Dynamics of fast and slow magnetoacoustic waves in plasma slabs with thermal misbalance

Abstract

ABSTRACT The non-uniformity of the solar atmosphere along with the presence of non-adiabatic processes such as radiation cooling and unspecified heating can significantly affect the dynamics and properties of magnetoacoustic (MA) waves. To address the co-influence of these factors on the dispersion properties of MA waves, we considered a single magnetic slab composed of thermally active plasma. Using perturbation theory, we obtained a differential equation that determines the dynamics of the two-dimensional perturbations. Applying the assumption of strong magnetic structuring, we derived the dispersion relations for the sausage and kink MA modes. A numerical solution of the dispersion relations for coronal conditions was obtained to investigate the interplay between the non-uniformity and the thermal misbalance.

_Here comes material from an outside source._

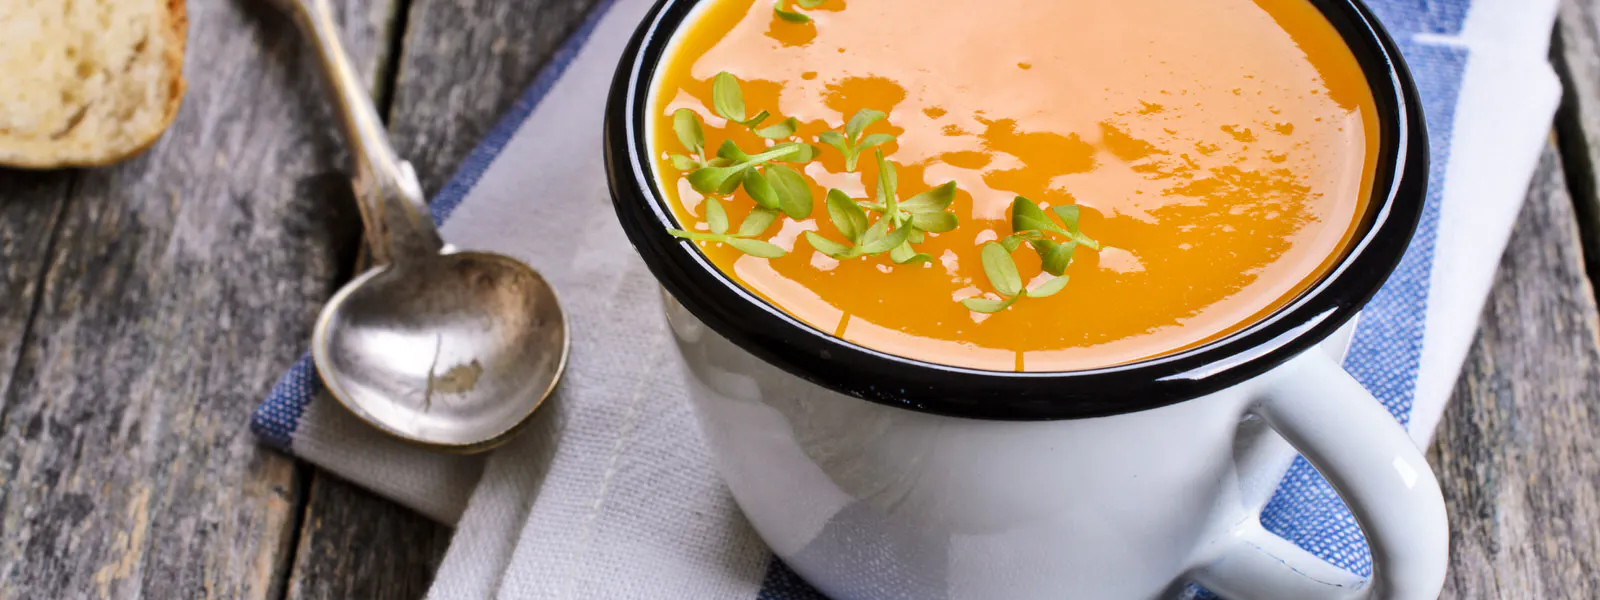 roasted pumpkin soup traeger grill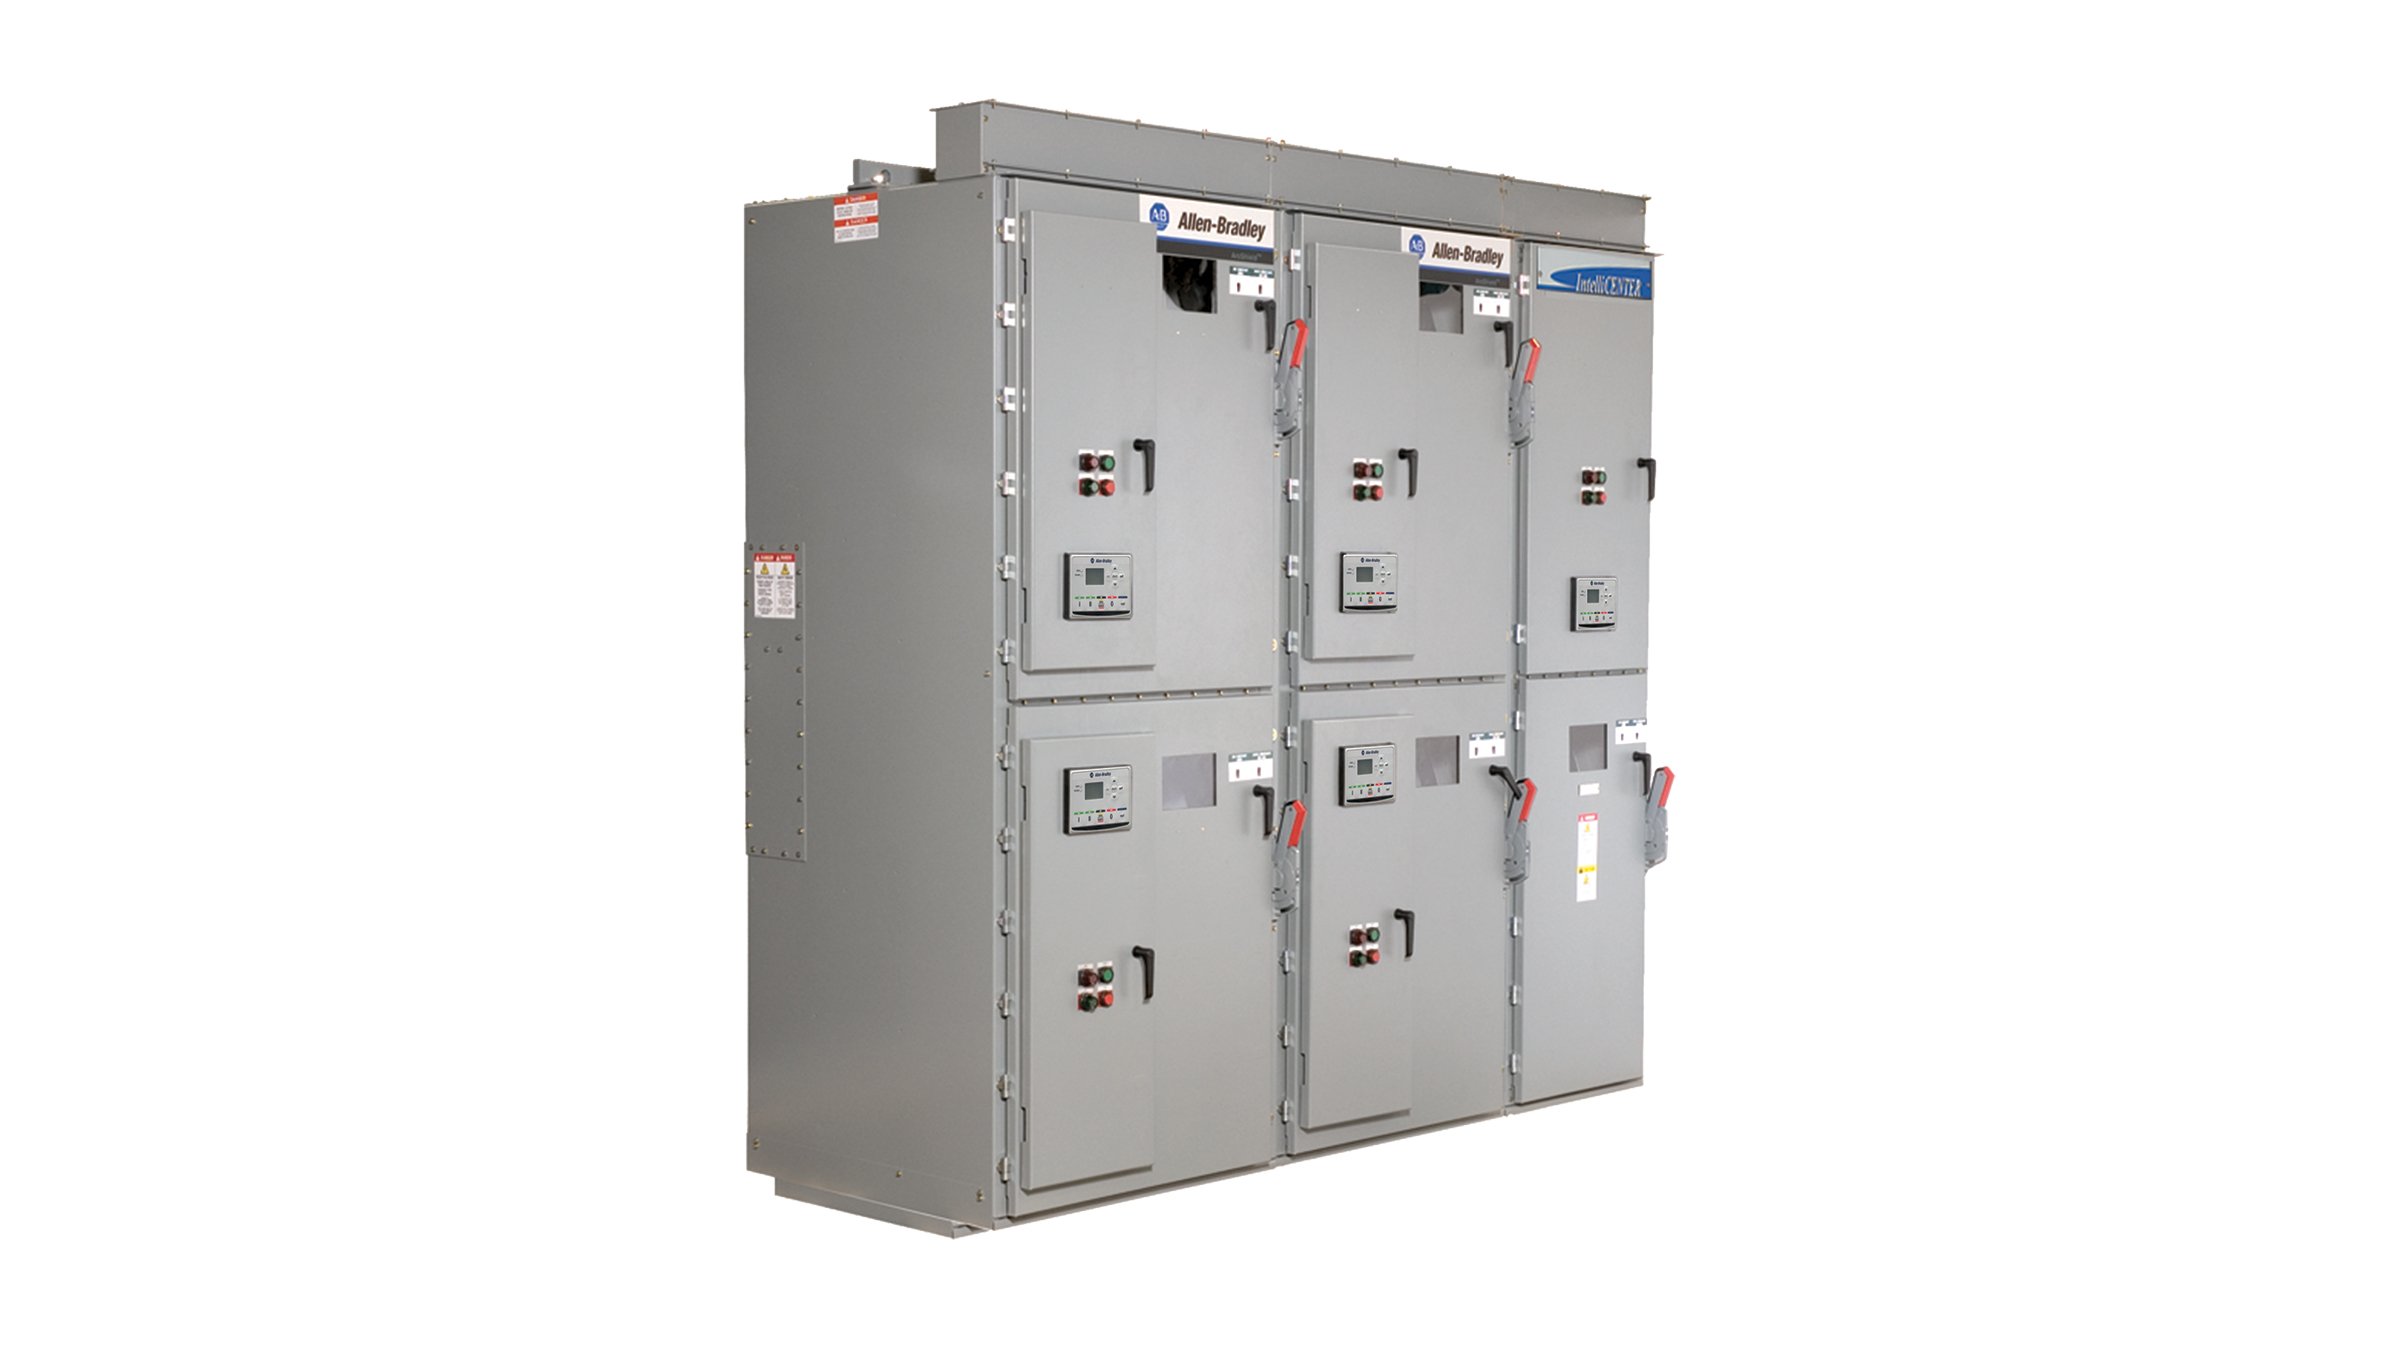 A tall, gray, metal three-section industrial cabinets house a CENTERLINE 1500 motor control center.

For the heating scenario considered, it was found that the phase speed of both the sausage and the kink slow MA waves is strongly affected by the thermal misbalance in the long-wavelength limit. The obtained characteristic time-scales of the slow-wave dissipation coincide with the periods of waves observed in the corona. The phase speed of the fast waves, however, is not affected by the thermal misbalance. The geometry of the magnetic structure remains the main dispersion mechanism for the fast waves. Our analysis reveals that the dissipation of the fast waves is weaker than the dissipation of the slow waves under coronal conditions. The obtained results are of importance for the use of MA waves as a tool for estimating not only plasma parameters but also non-adiabatic processes.